Work to be completed:
All that is wanted is a word-for-word copy of the data from its first line to the line containing "Sauvage Deodorant Spray", both included.

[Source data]
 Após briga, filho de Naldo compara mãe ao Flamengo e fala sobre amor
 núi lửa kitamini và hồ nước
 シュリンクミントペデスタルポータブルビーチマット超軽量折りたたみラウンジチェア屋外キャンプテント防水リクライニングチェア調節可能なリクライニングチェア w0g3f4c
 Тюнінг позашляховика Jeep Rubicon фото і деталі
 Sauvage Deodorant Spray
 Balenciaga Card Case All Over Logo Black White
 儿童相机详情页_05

Answer section:
 Após briga, filho de Naldo compara mãe ao Flamengo e fala sobre amor
 núi lửa kitamini và hồ nước
 シュリンクミントペデスタルポータブルビーチマット超軽量折りたたみラウンジチェア屋外キャンプテント防水リクライニングチェア調節可能なリクライニングチェア w0g3f4c
 Тюнінг позашляховика Jeep Rubicon фото і деталі
 Sauvage Deodorant Spray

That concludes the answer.